**Instructions for the task:**
The whole listing below should be printed again exactly, with no images.

**Recorded information:**
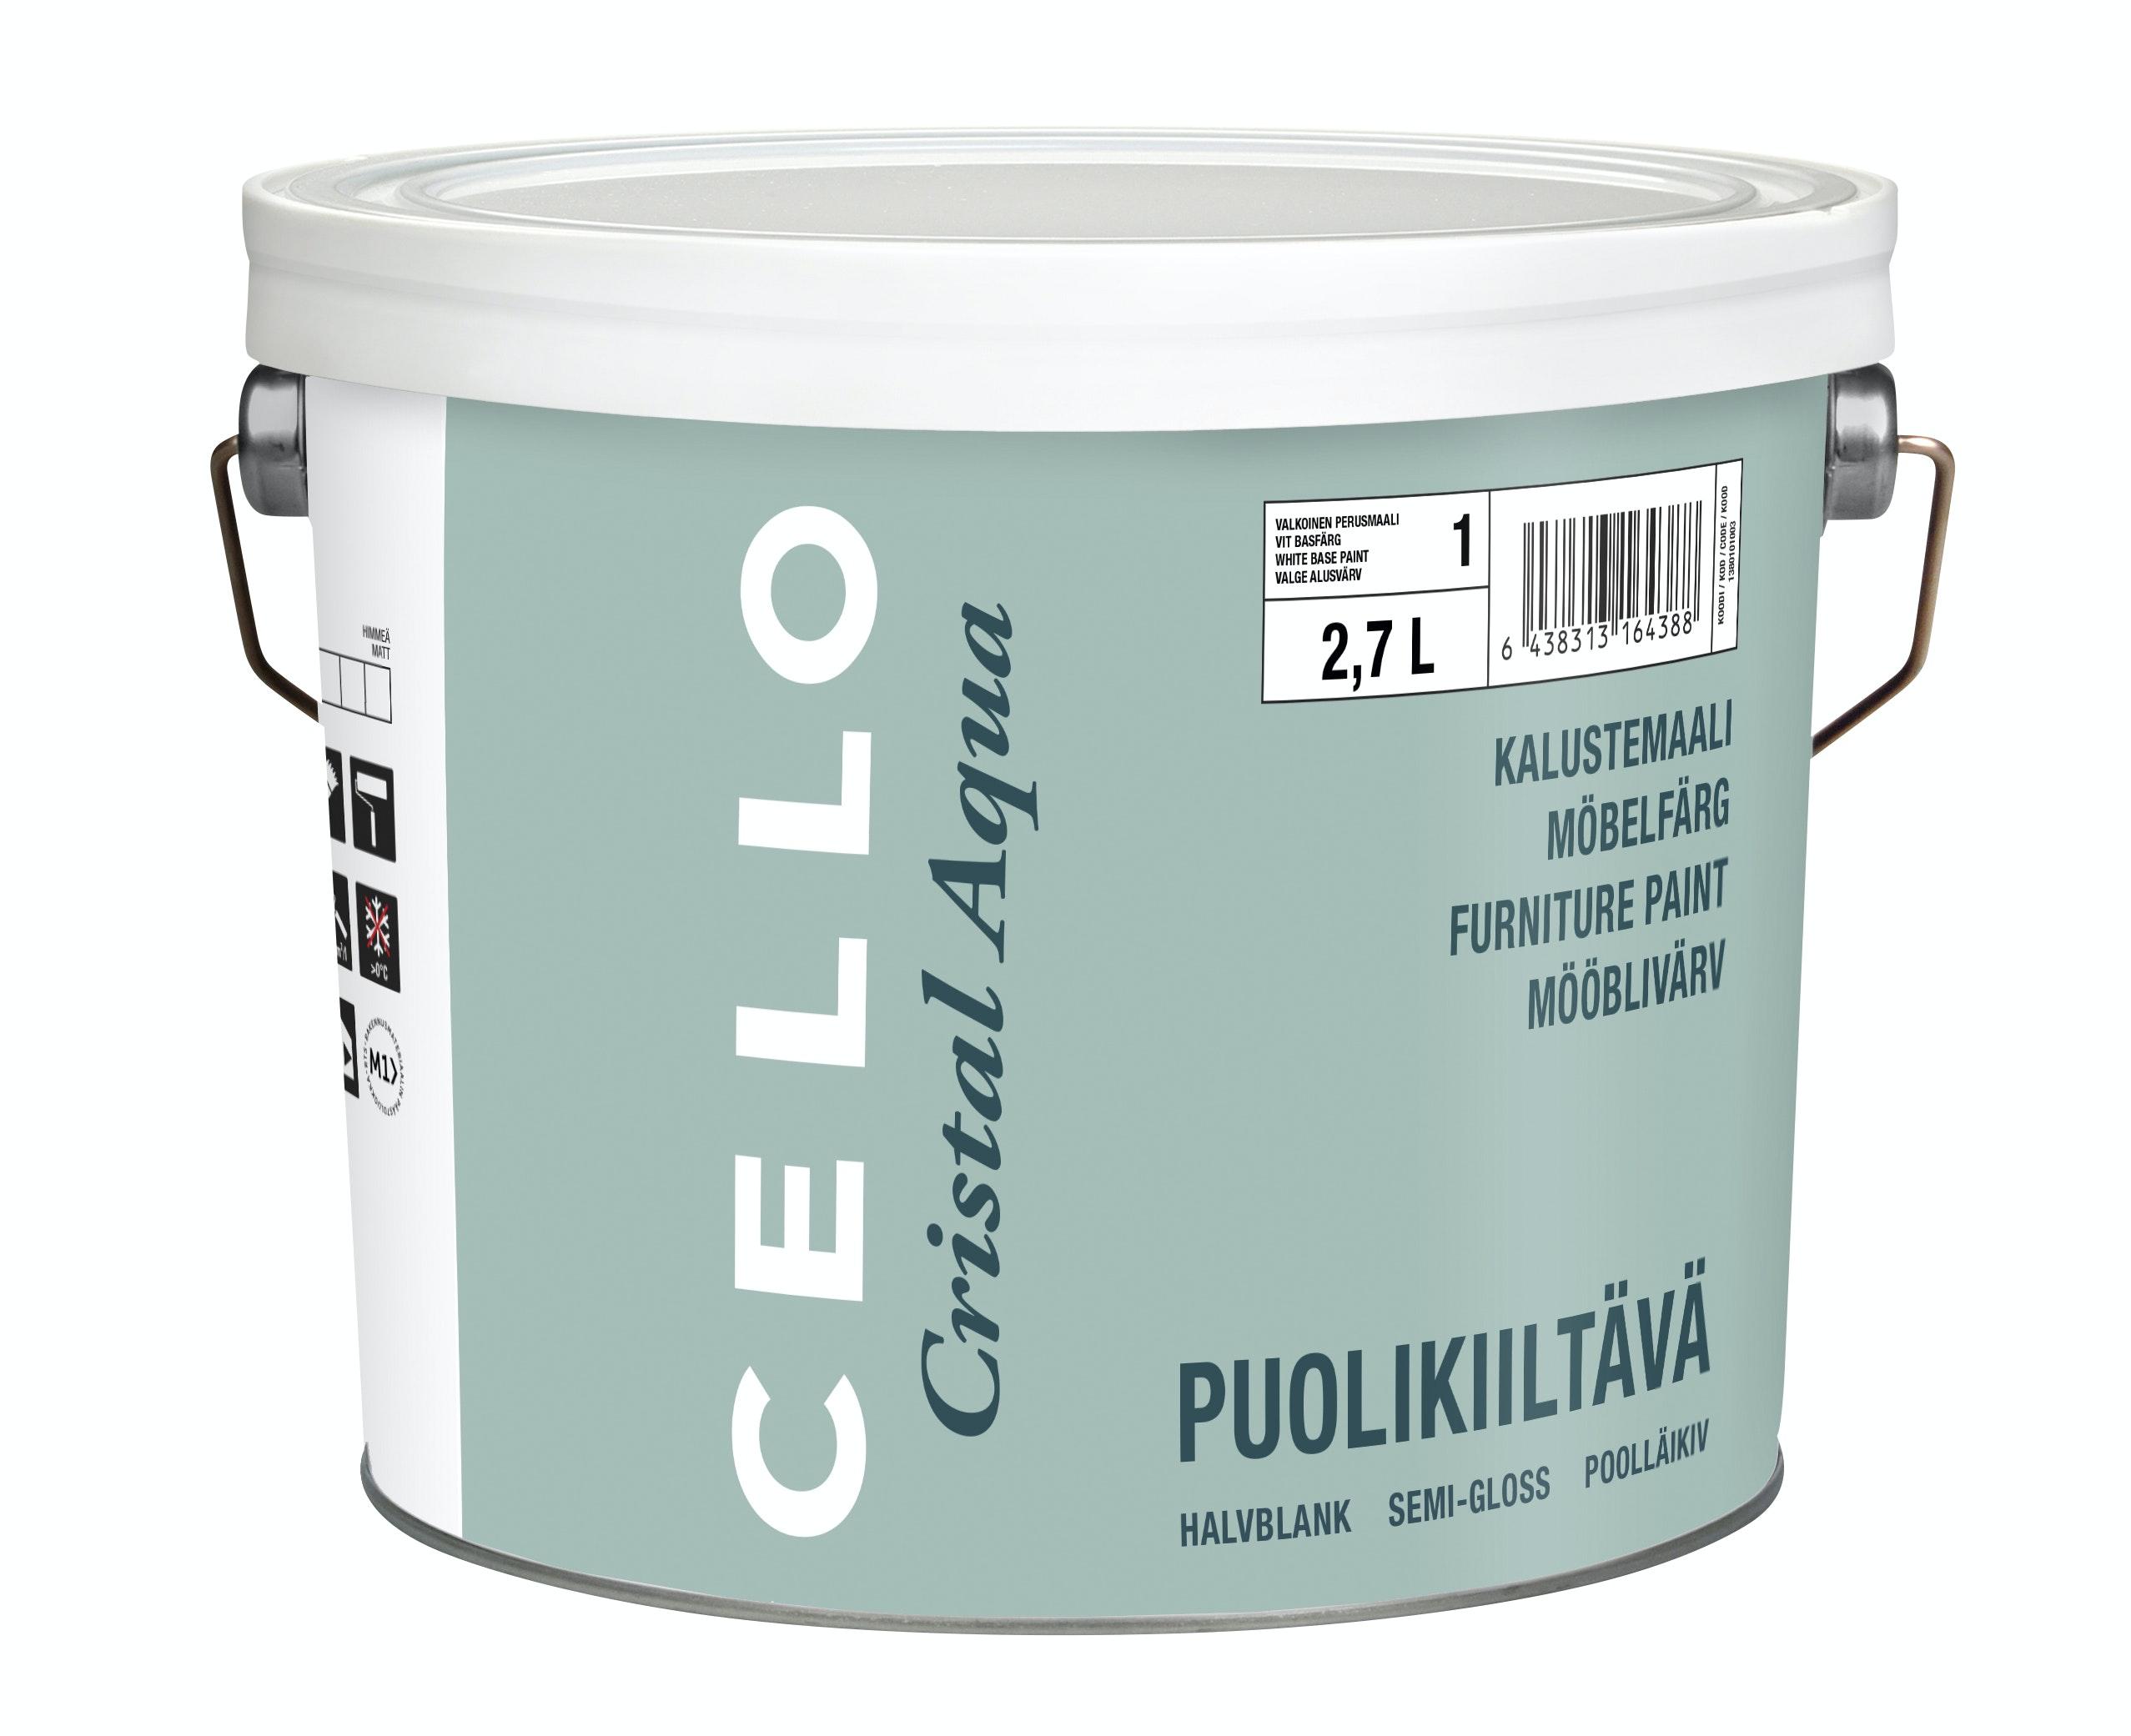 Snickerifärg Cello Cristal Aqua Halvblank Vit/Bas 1 2,7l
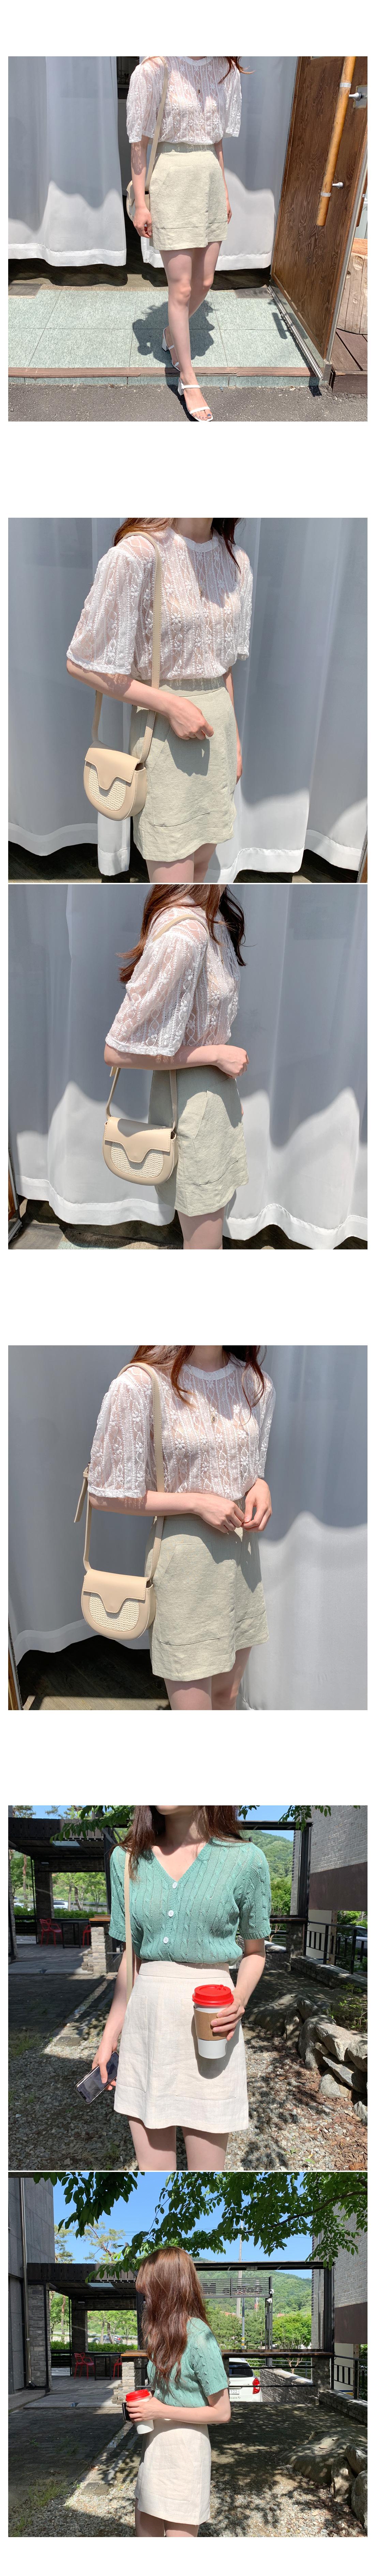 Yoplait Linen Mini Skirt-Mint M Same Day Shipping!
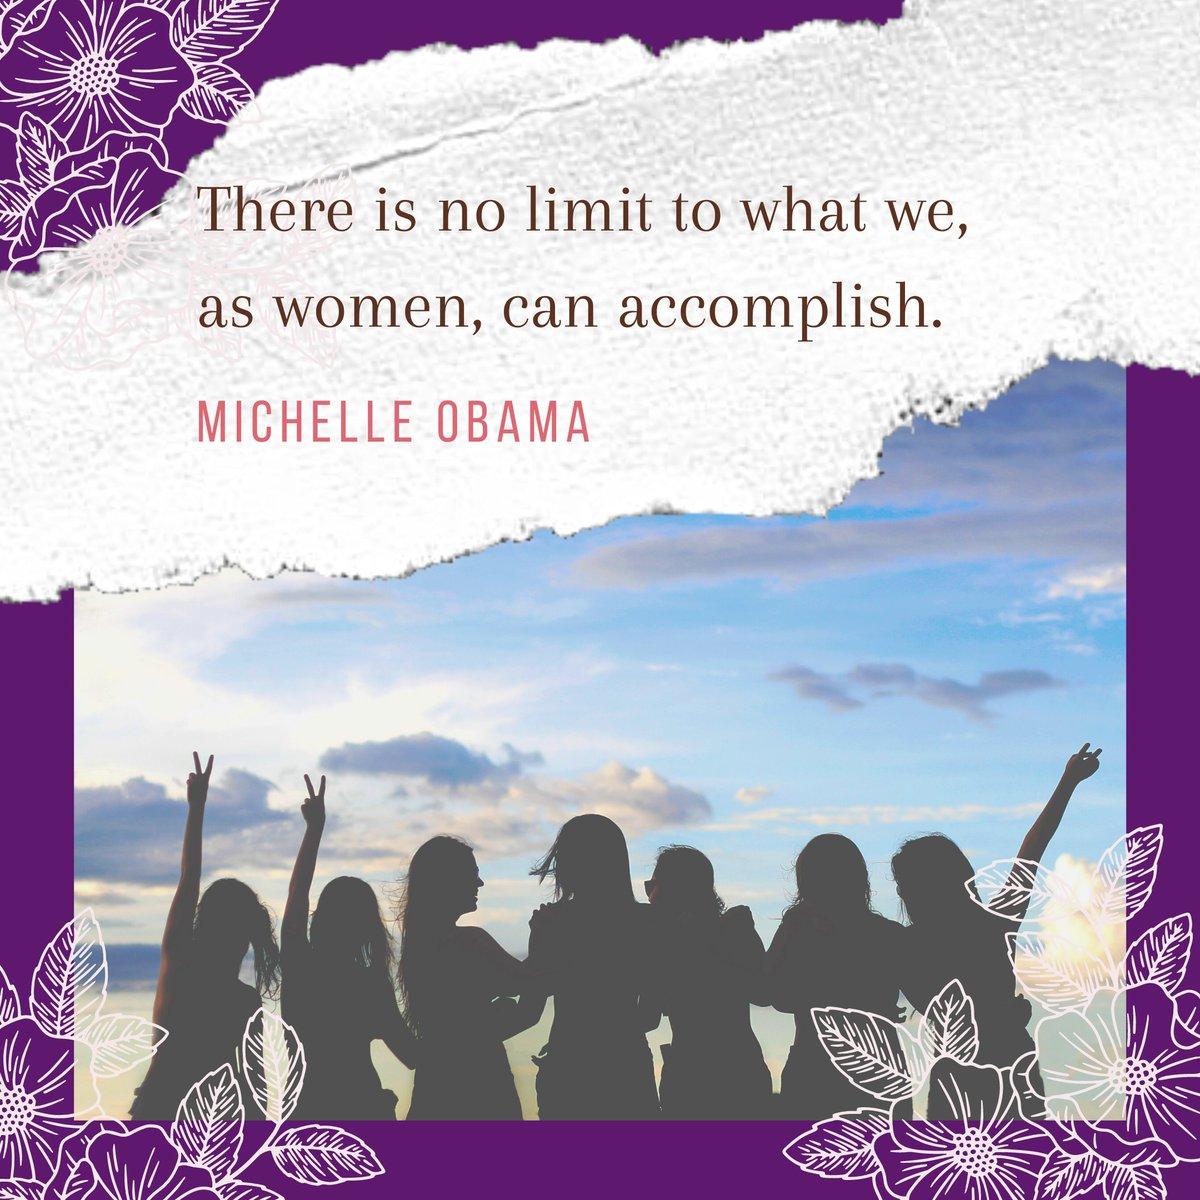 Celebrating International Women's Day! 💜💪 #InternationalWomensDay #internationalwomensday2021 #WomensDay #WomenSupportingWomen

**Written solution:**
 Snickerifärg Cello Cristal Aqua Halvblank Vit/Bas 1 2,7l
 Yoplait Linen Mini Skirt-Mint M Same Day Shipping!
 Celebrating International Women's Day! 💜💪 #InternationalWomensDay #internationalwomensday2021 #WomensDay #WomenSupportingWomen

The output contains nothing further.